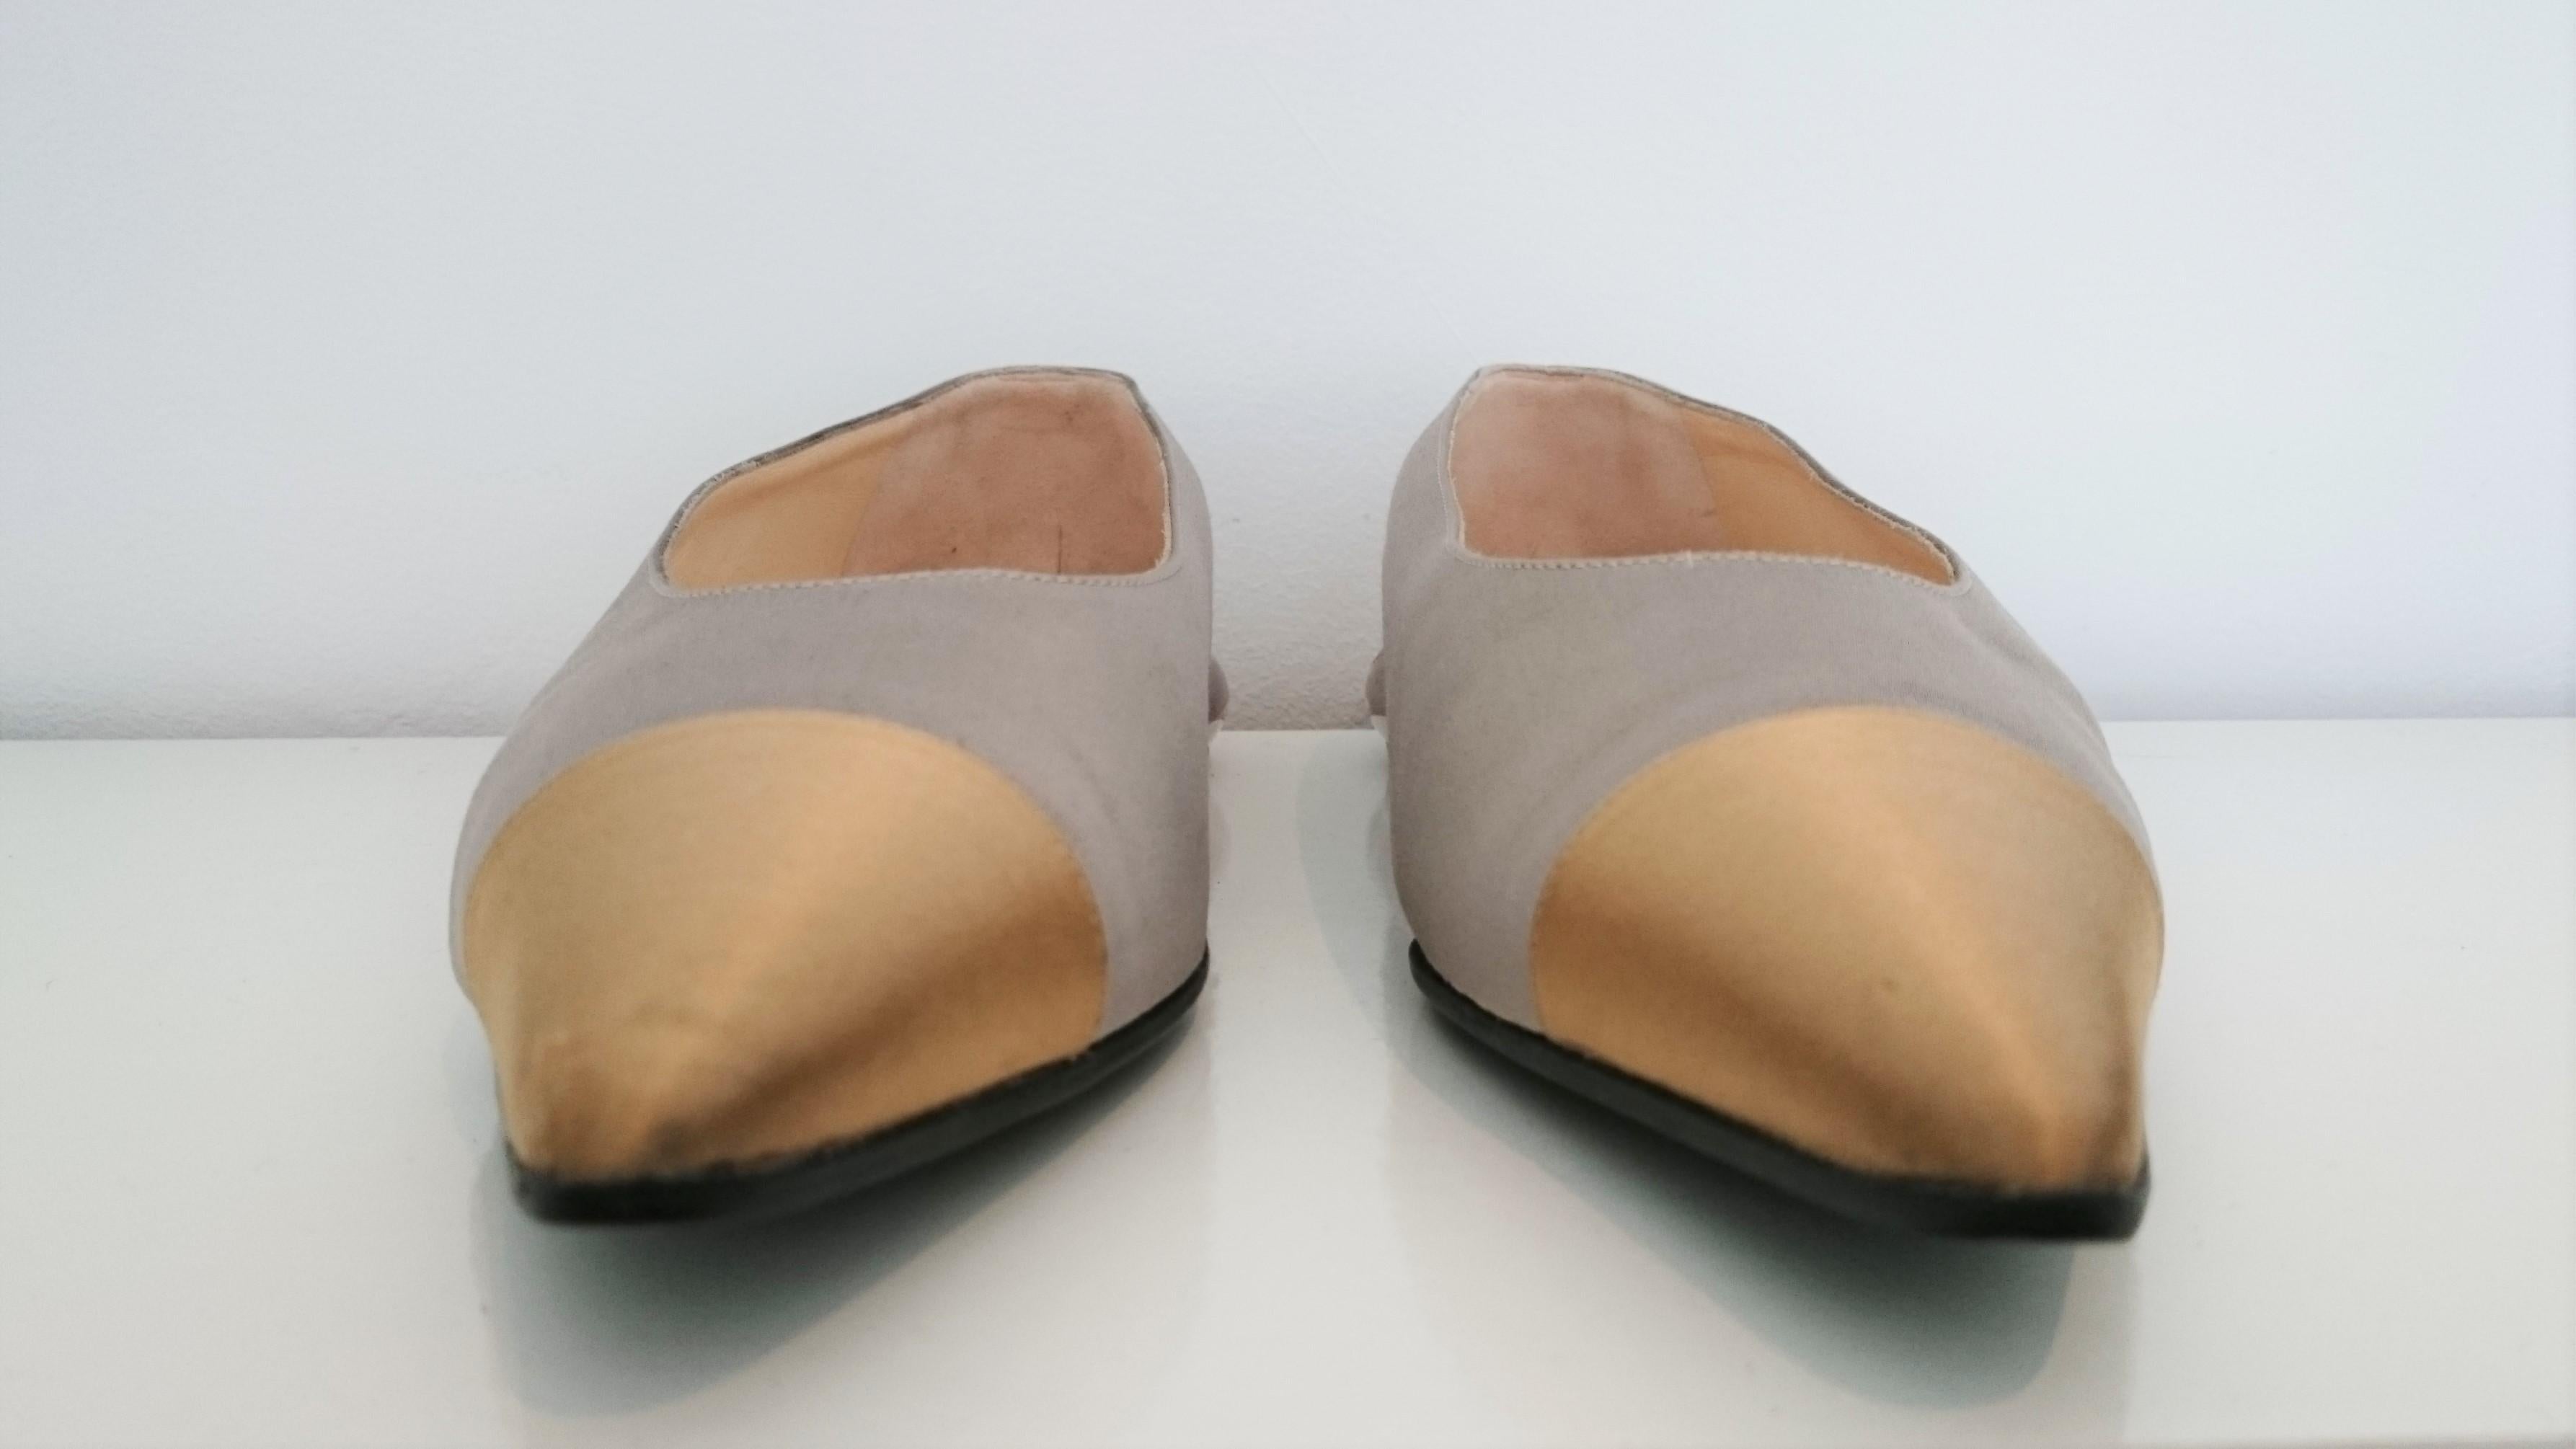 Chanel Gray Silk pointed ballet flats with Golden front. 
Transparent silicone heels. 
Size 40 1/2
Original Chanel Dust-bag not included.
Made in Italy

○ ○ ○

| Problem statement |
Write down exactly the line with "Size 40 1/2", then each line after it through the end of the data.

| Result for this task |
Size 40 1/2
Original Chanel Dust-bag not included.
Made in Italy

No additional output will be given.